SLEP managers and maintainers take ownership of the hurdles they've overcome, especially as a new program in 2009. The first E-6 took more than 270 days to finish.

Leaders say they're proud of a 180-degree turnaround from those days.

Bob Helgeson, 566th Aircraft Maintenance Squadron director, said the SLEP enterprise team, made up of both Navy and Air Force personnel, successfully applied the principles of the Air Force Sustainment Center Way, gated processes and other AFSC management tools to reduce maintenance flow days by over 50 percent. Those significant changes allowed the team to exceed the 133-day "Art of the Possible" target, Helgeson said.

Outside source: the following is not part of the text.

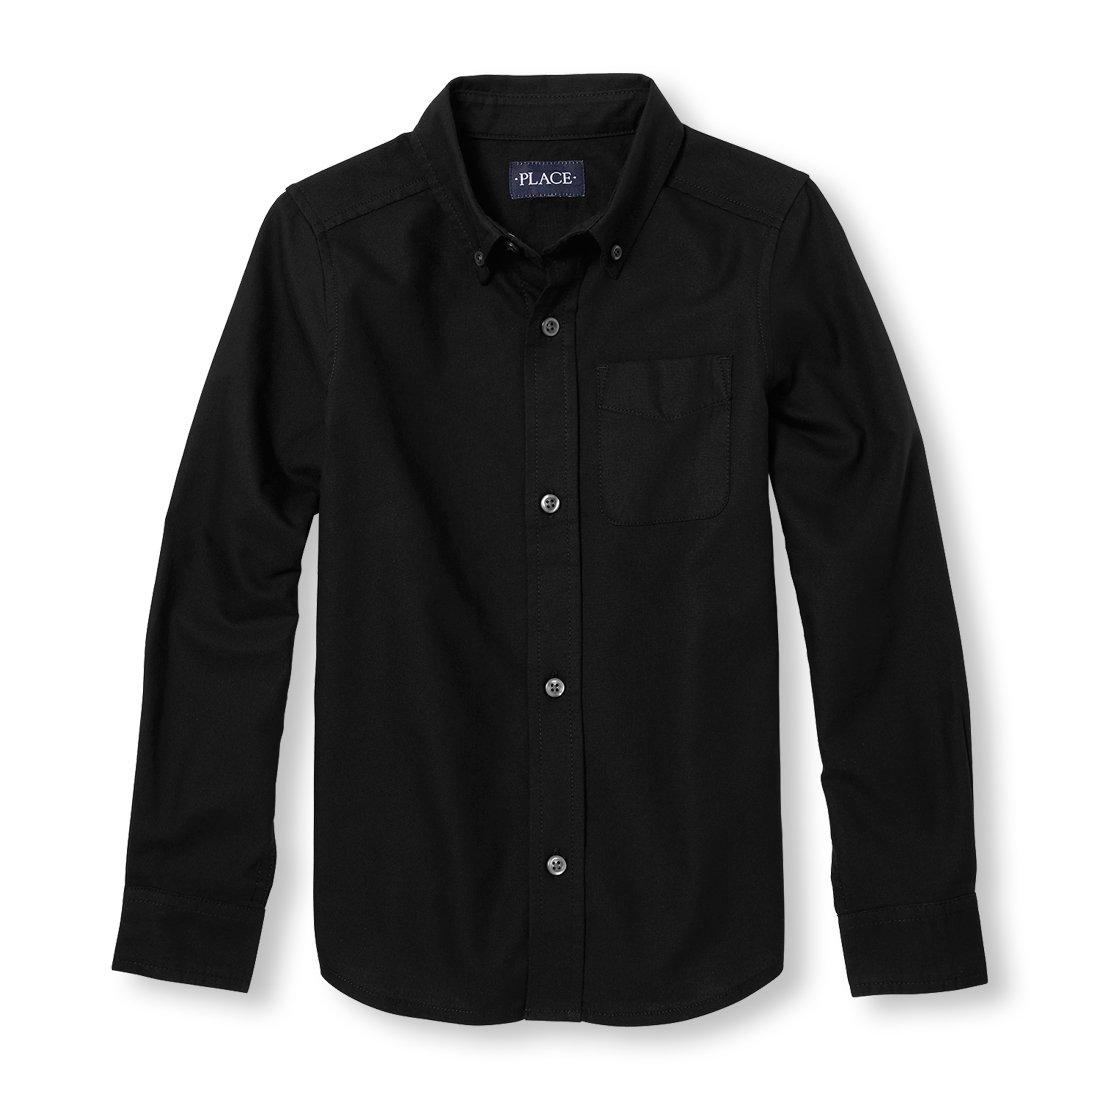 The Children's Place Big Boys' Long Sleeve Button-up Shirt, Black 02432, S (5/6)

"Not only did the team exceed the "Art of the Possible" goals, they also achieved something more important -- the right results, the right way," he said. "There were zero defects. We turned the aircraft back over to our Navy customer and they were able to quickly get it back on the ready line. That is very important to our Navy customer due to the limited aircraft they have available and the critical mission they support."

Early on, the roughly 60-member team borrowed tools from other aircraft programs and had to rely on qualified mechanics from other organizations to do some of the program's prep work.

"We used to depend on E-3s (AWACS maintainers) to come and take the engines off," said First Line Supervisor Reggie Lee. Now the sheet metal guy is not just the sheet metal guy. In the first gate, he can take the engines off, or the tail feathers off, or help de-panel the plane.

"That is probably the biggest reason that we went from 200-plus days to 132 -- guys willing to cross-train and learn other jobs. They own this. This belongs to them."